Dhar Thosis. The City of Golems, they called it, although there were hardly any here and the name belonged better to Xican with its Stoneguard.
The Watcher looked past Dul Matha to the larger but much lower island a little way beyond it, Vul Tara, known as the Pilgrims’ Island because visitors to the shrine always came that way if they arrived by ship. It was a fortress now, armed with bolt throwers and black-powder and lightning cannon, but the shelters remained, the refuges and the hostels. Unclean godliness remained scattered across Vul Tara, despite its weapons. He couldn't see the seaward side from the top of the Divine Bridge, but that was where sheer-walled monasteries rested on the tops of low black cliffs, and on the lower parts of the island poor pilgrims still came to pray to the relics from the shrine that Ten Tazei once built on the top of the Kraitu's Bones.

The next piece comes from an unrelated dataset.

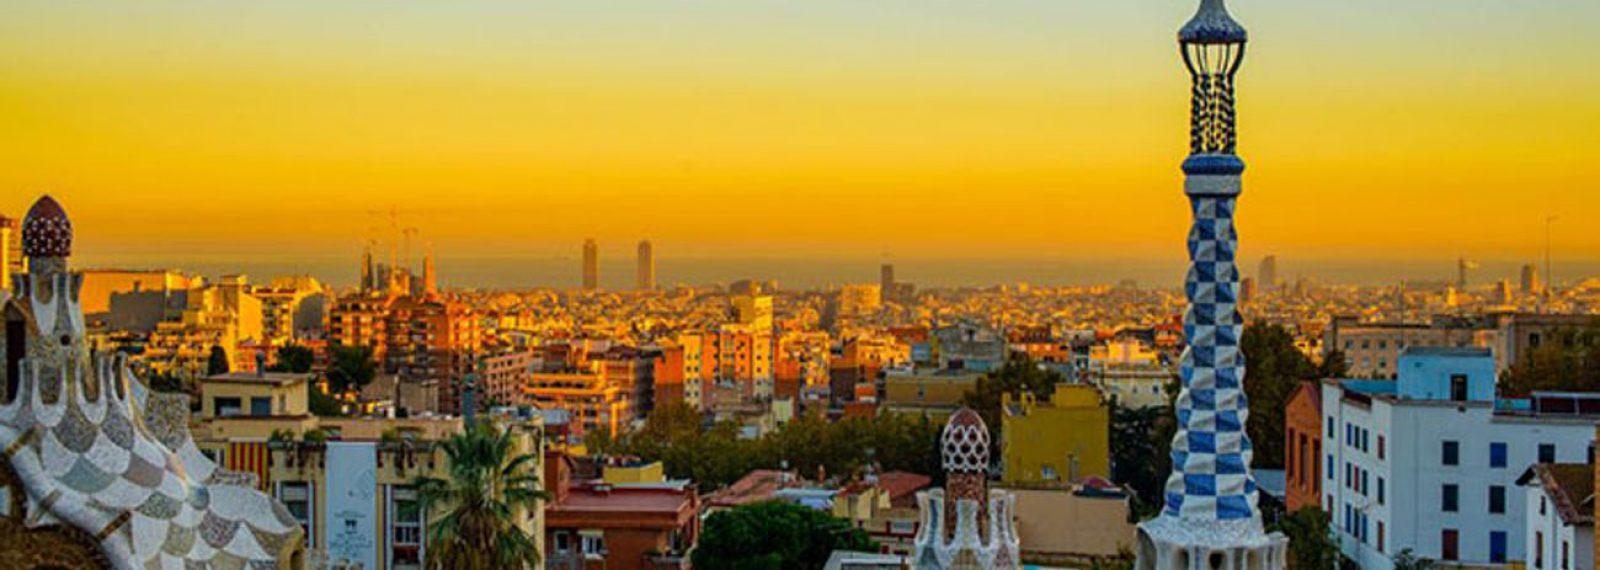 Atardecer-desde-el-parque-Gaudi_web02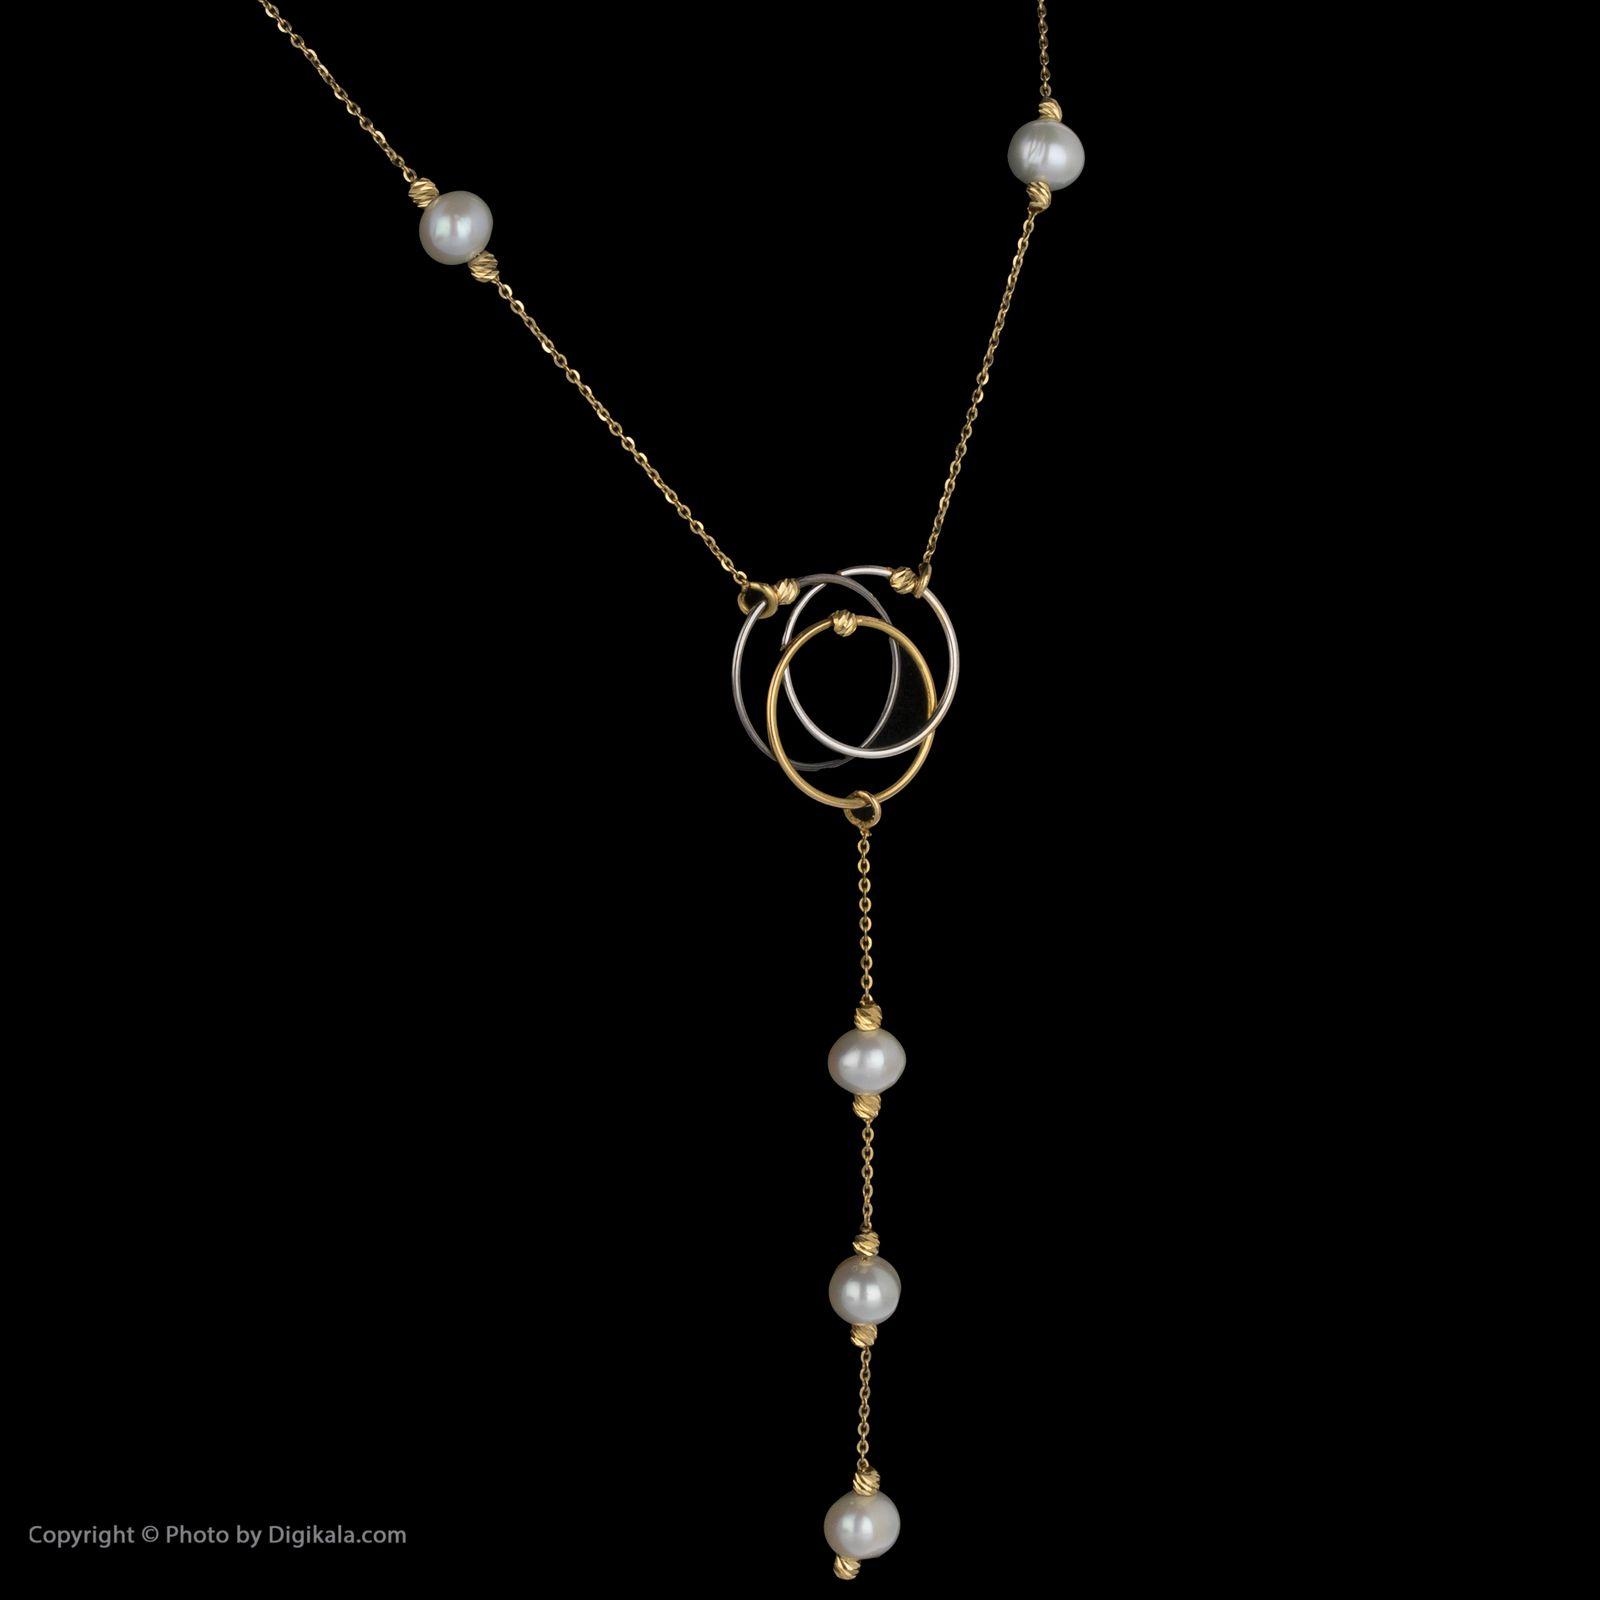 گردنبند طلا 18 عیار زنانه سیودو مدل 145454 -  - 4

The pilgrims’ ships would have anchored where ships still anchored now, in the sheltered open water between the shore, Dul Matha, Vul Tara, and the third and largest island, the Eye of the Sea Goddess where the sea titans slept and where Senxian's administrators and sea captains now lived, each in their own palace with their own kwens and t'varrs and hsians, servants and soldiers and slaves. A whole island of palaces now, each striving to surpass its neighbours, but it had not been so back in the time of the shrine. They called the island the Eye of the Sea Goddess but they should have made it her nose because that was the shape of it from far away, rising gently from the sea beside the shore, curving up ever sharper to a rounded summit that fell away to a sudden sheer nothing from a thousand feet in the air. Sprawling stone villas loosely jostled one another down by the sea, while at the top rose a forest of gold-glass towers, packed together like slaves in a gondola. The towers were the richer palaces. Few could afford a home built by enchanters.